Reduction of the sheet thickness variation and its negative effects on the accuracy of mini drawn parts using different geometries of tool components

•The sheet thickness variation as a function of different factors was analyzed.•The effects of sheet thickness variation on part quality were also analyzed.•New tools were created to minimize the sheet thickness variation and its effects.•The new tool geometries were verified/validated by simulation and experiment.•The optimum tools were made with inclined active surfaces of die and blank holder.

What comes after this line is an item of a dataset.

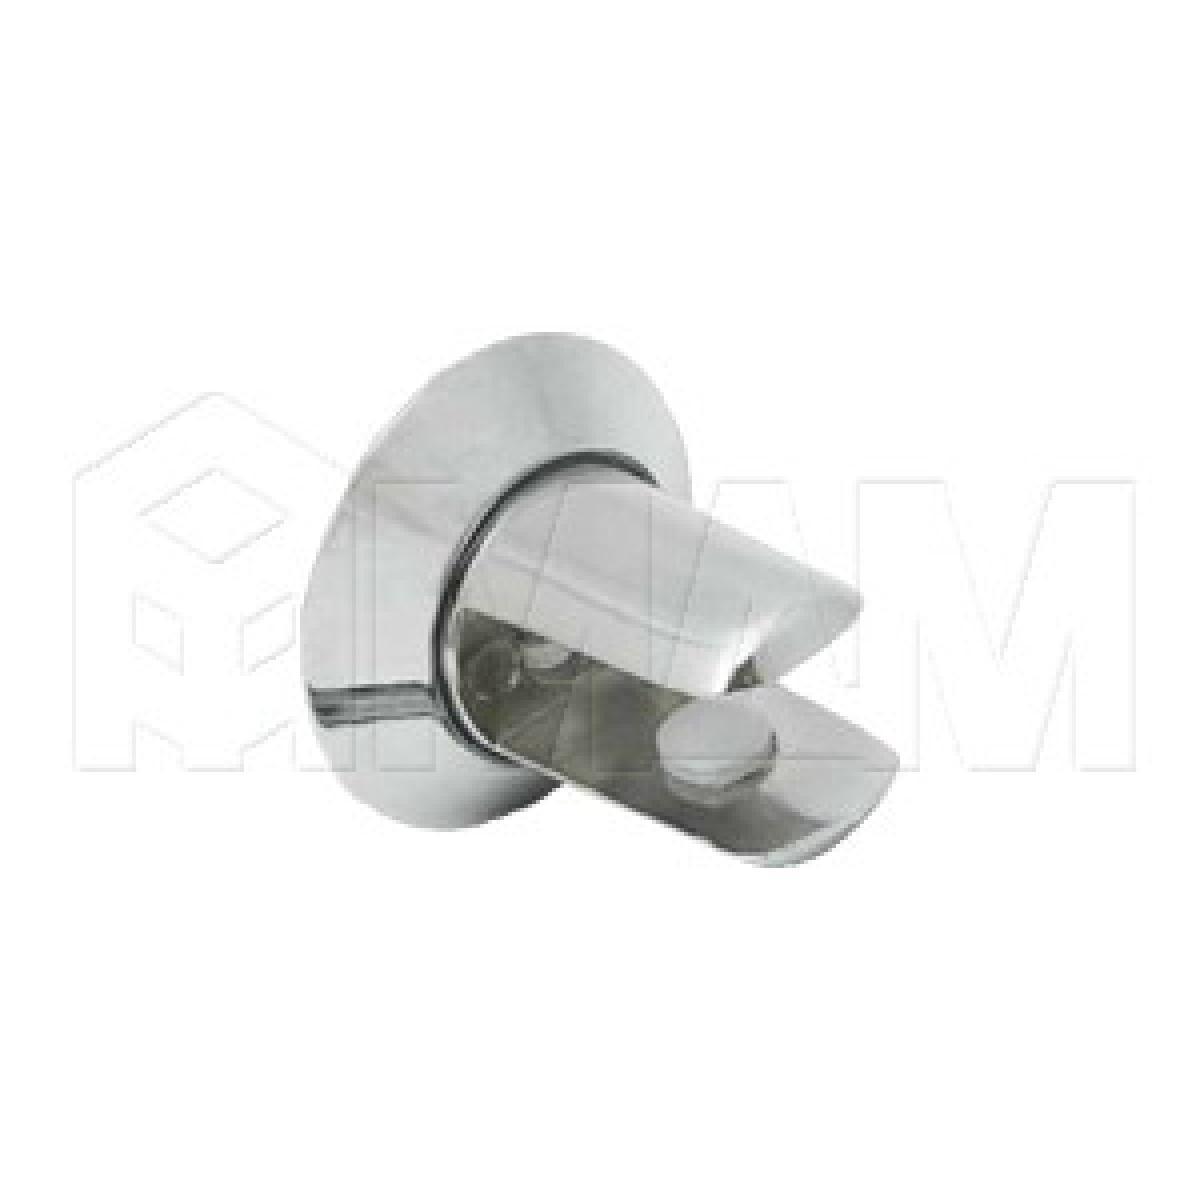 Полкодержатель для стеклянных полок толщиной 8-10 мм, хром

Like in the case of macro deep drawing, the sheet thickness of mini drawn parts, with dimensions smaller than 20 mm and made from very thin sheets, is unevenly distributed and varies from minimum values resulted in the zone of part edge radius to maximum values in the upper zone of part vertical walls. Such variation of sheet thickness can cause for the resulted drawn parts some geometric deviations from their theoretic geometry or it can determine the parts failure. Hence, the main objective of the mini scale deep drawing processes is to obtain an increased accuracy by reducing the sheet thickness variation, or in other words to minimize the values of sheet thinning and thickening. The present paper analyses the results of investigations made by experiment and simulation concerning the use of different geometries of the tool components that permit to control and minimize the sheet thickness variation in the mini cylindrical drawn part zones where this phenomenon can generate negative effects and determine the part inaccuracy. The new geometries of tools were obtained by modifying the state of stress in the deformed sheet using adequate geometries of active surfaces of the die cavity and blank holder plate.